Machine learning has experienced exponential growth in the last few years. The International Data Corporation (IDC) projects that by 2020, machine learning and artificial intelligence spending will hit $47 billion, up from $8 billion in 2016. Eighty-nine per cent of chief information officers (CIOs) are either using or planning to use machine learning in their businesses. Ninety per cent of CIOs believes that the incorporation of machine learning in their organizations will improve decision-making, thus driving revenue growth.
But what is machine learning? Is machine learning different than artificial intelligence?
What is Machine Learning?
Machine learning and artificial intelligence are related, but they’re not the same thing. Artificial intelligence is the ability for machines to learn tasks normally completed by humans, such as speech recognition and decision-making. We often think of these machines as “smart machines.” Think of Google maps. Google maps can tell you the fastest route by car, foot, or bike, for example.
Machine learning, on the other hand, is part of artificial intelligence where machines teach themselves through experiences. In other words, the machine or computer thinks and learns for itself. Machine learning takes artificial intelligence to the next level of capability. As an example, think about Netflix. Netflix uses machine learning to analyze your entertainment consumption and spot trends. Then, Netflix suggests certain shows or movies based on your habits.
Pretty cool. But, how does machine learning help customer service call centers?
Handling Big Data
We’re creating more digital data now than ever before. Daily, 2.5 quintillion bytes of data are created. Google processes over 40,000 searches per second. Every minute, we send 16 million texts and send 156 million emails. Monthly, eight million people use voice control, such as Siri or Alexa.
Businesses receive, process, and store an enormous amount of data daily, even smaller companies. Machine learning can handle the big data thrown at organizations faster and more accurately than humans. Through machine learning, data can be organized and categorized much like a human brain; however, the technology does not share biases or bad days like humans do.
Machine learning can sift through the thousands of customer communications per day and comprehend whether a customer is upset and making a complaint or whether a certain offer would make a customer happy. It can also make predictions, such as whether customers would like to purchase a specific item or would rather terminate services.
Machine learning can sift through the data created by customers, while learning how to predict spending trends or satisfaction with the company. It can provide personalized service to customers based on past interactions, and make decisions and predictions with a degree of certainty while modifying its approach as it learns.
Incorporating Natural Language
The purpose of machine learning is that computers can act more human, with all the benefits of computing. Take, for example, natural language processing. Here, computers talk more like humans, instead of in that annoying techno voice.
Through natural language processing, computers can communicate with customers as naturally as a human customer service representative. Natural language capabilities can understand the nuances of human language, such as mispronunciations, pauses, or accents. The computer can process not only human language trends, but also emotion, such as if a customer is upset or mad. Machine learning serves as a significant component in natural language processing as the computer learns to talk and listen more similarly to a human.
Driving Revenue
Machine learning can also help to drive revenue and company success. By analyzing massive amounts of big data, machine learning will be able to solve consumer issues, predict spending patterns, and contribute to overall sales numbers. A recent study indicated that 38 percent of machine learning early adopters more than doubled their sales key performance indicators (KPIs) and 41 percent more than quintupled their KPIs. This included new leads and upsells, all critical to the customer service industry.
With machines gathering and processing data on customers, companies can analyze customer profiles and develop new sales campaigns. Machine learning can inform companies about which customers are most likely to purchase additional services or products, while anticipating customer needs.
Seventy-six per cent of companies uses machine learning to achieve sales growth. Forty per cent do so to improve sales performance. On the consumer side, two-thirds of customers will opt to pay higher prices to companies that offer superior customer service, thus increasing revenue.
Further, machine learning helps companies determine which customers they’ll retain and which ones will leave.
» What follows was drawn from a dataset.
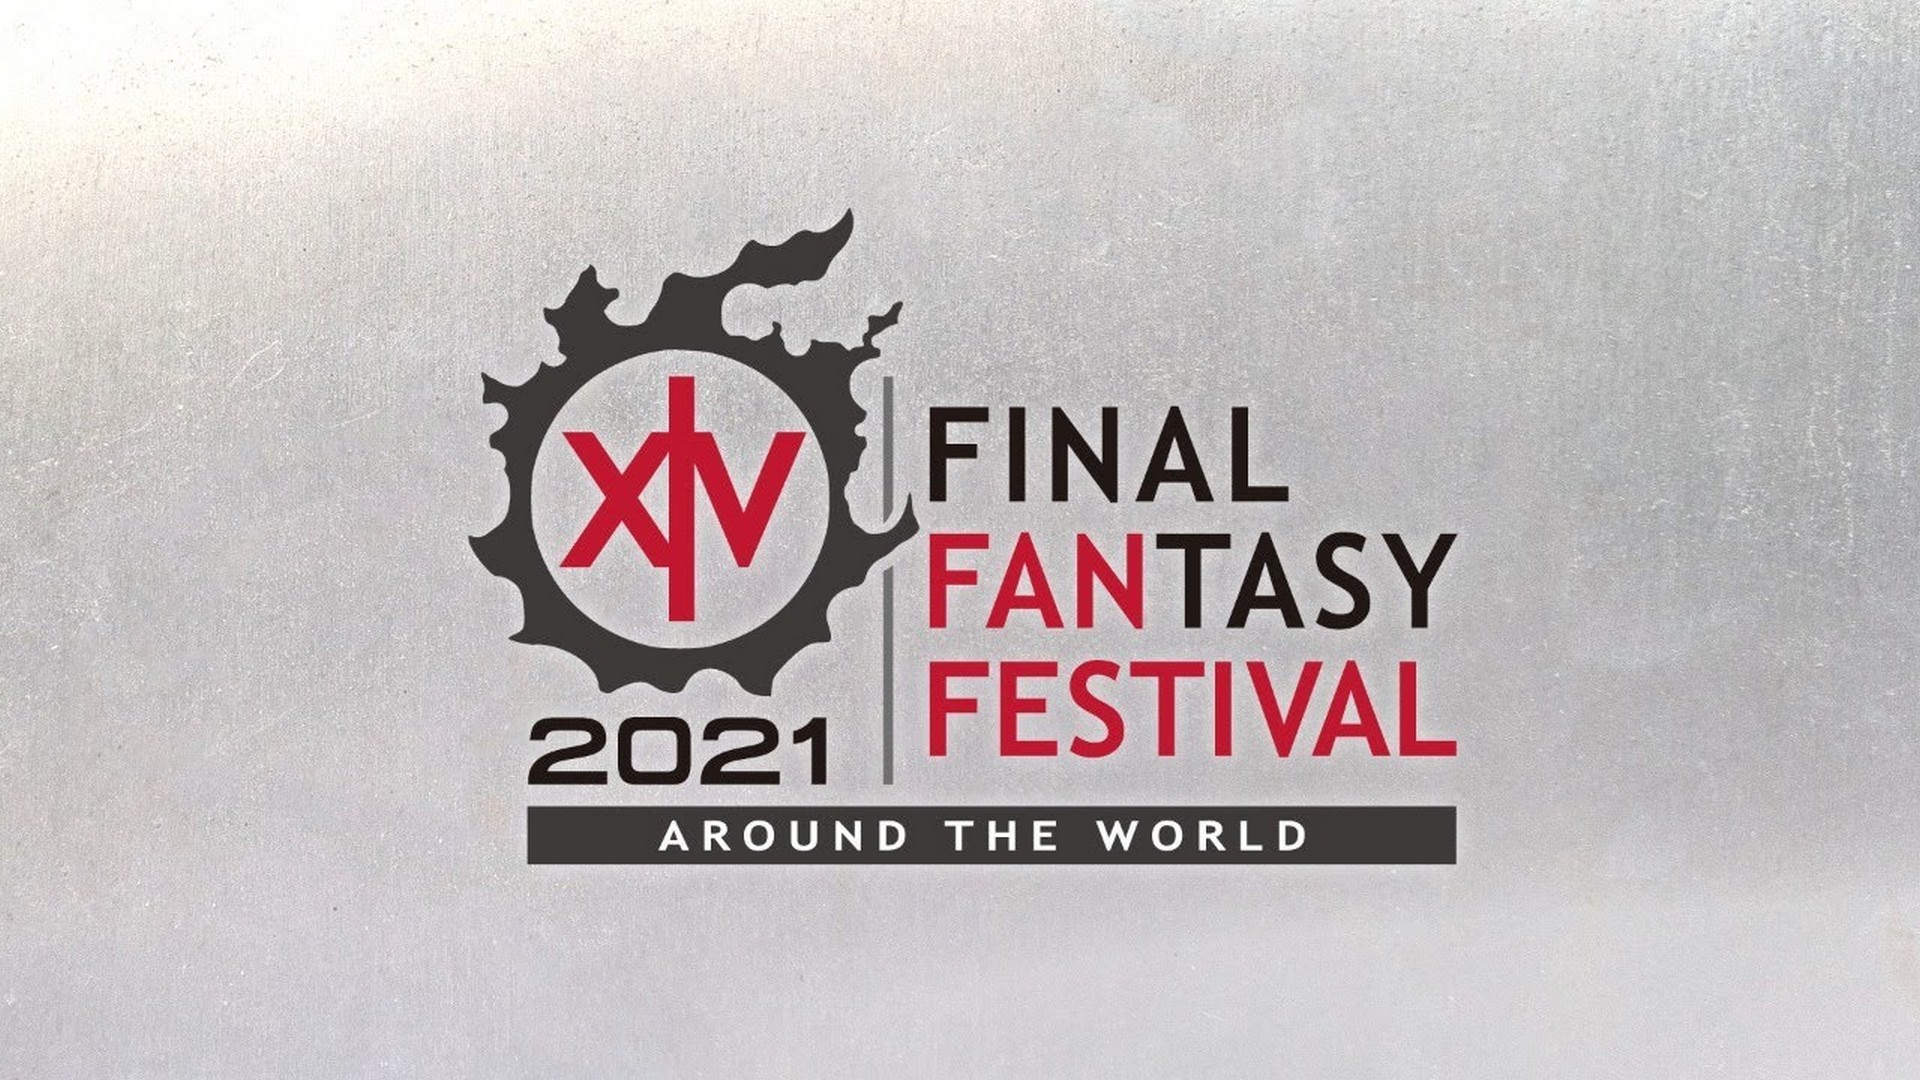 WRAP UP: Final Fantasy XIV Digital Fan Festival 2021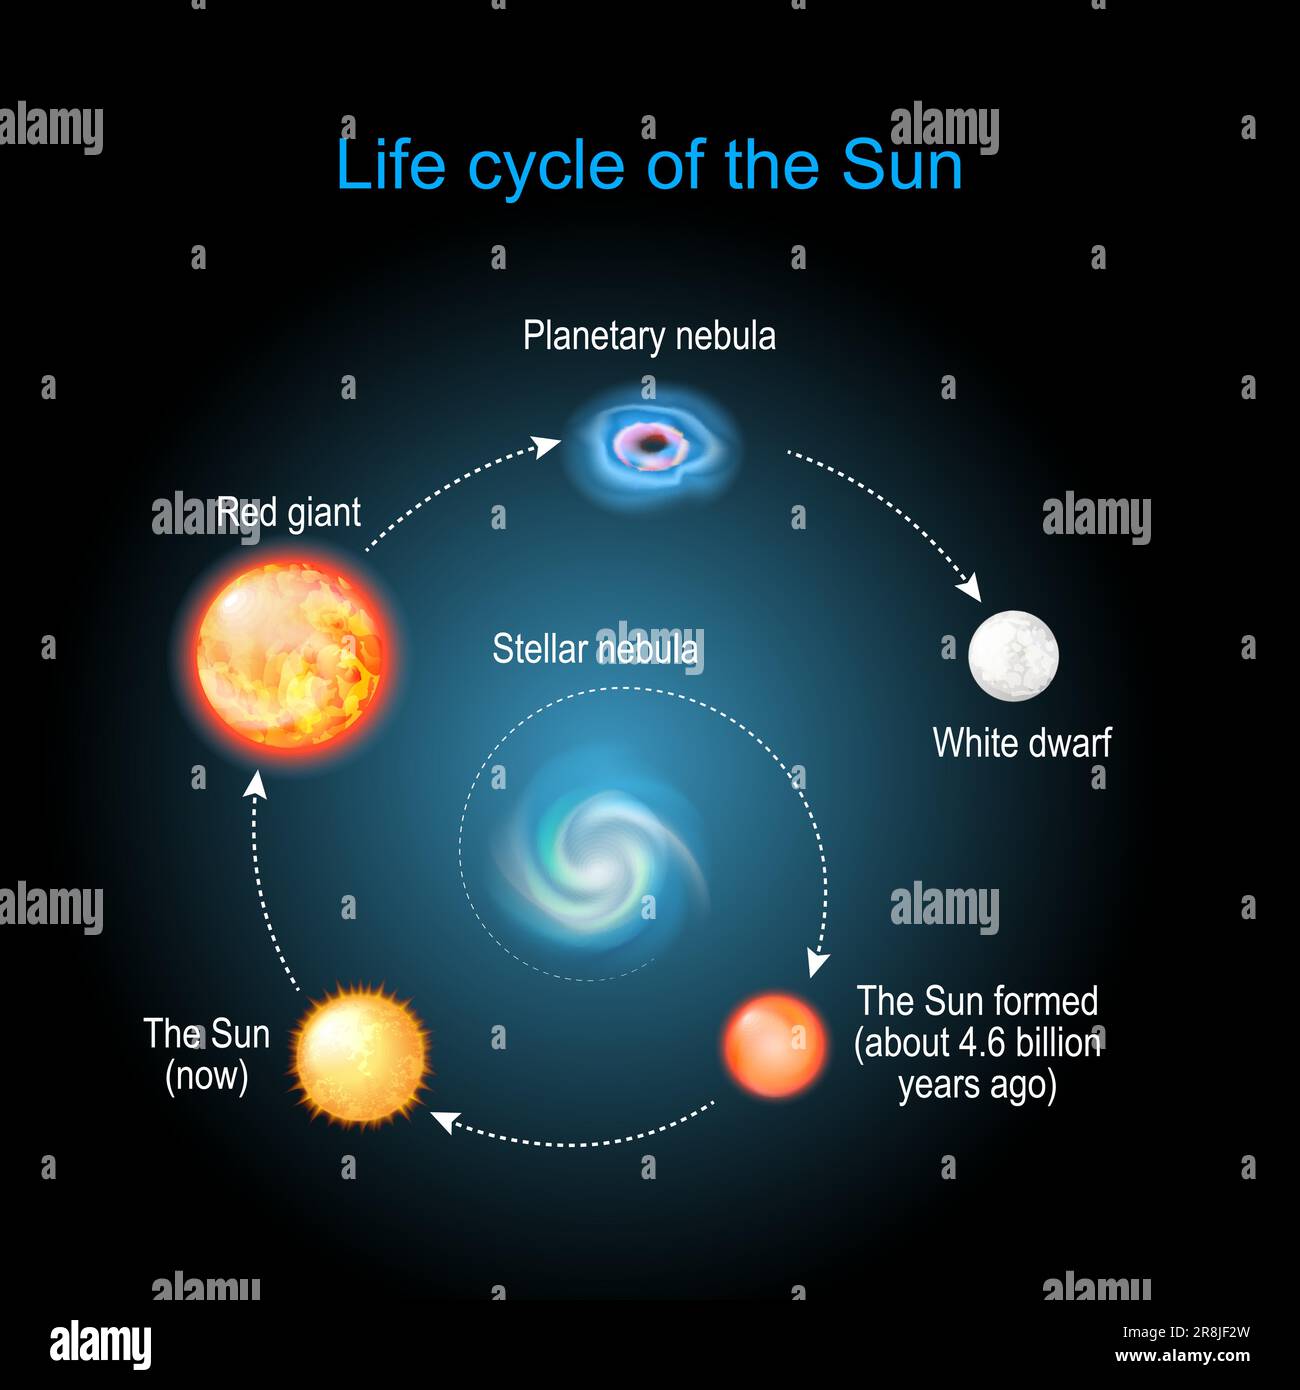 Cycle de vie du Soleil de la nébuleuse stellaire au géant rouge, à la nébuleuse planétaire et aux nains blancs. Évolution stellaire. infographie. Diagramme vectoriel Illustration de Vecteur

By identifying unhappy customers through data analysis, companies can launch proactive campaigns to convert unhappy customers into happy, loyal customers, thus increasing revenue.
Encouraging Continued Improvement
Through customer analytics created by machine learning, businesses can focus on continually improving their customer service. Machine learning can learn from past experiences and adapt how it approaches future interactions.
Machine learning can analyze customer information before a human agent communicates with the customer, giving the agent the ability to understand the customer’s history before ever getting on the phone. Fifty-nine percent of consumers claim that a tailored interaction based on past history is key to winning their business.
By understanding and processing customer data, companies can focus on providing the most relevant content to that specific consumer, through machines or human agents.
Machine learning, as part of artificial intelligence, is not only helping industries like customer service call centres, it’s revolutionizing them. Never before have businesses had access to the information they have now through the assistance of machines and computers. By understanding how to incorporate machine learning into your call centre, while producing staggering growth and customer satisfaction results, companies can take their businesses to the next level. And customers will be happier and more loyal as well. After all, everyone wants to be treated like someone who matters.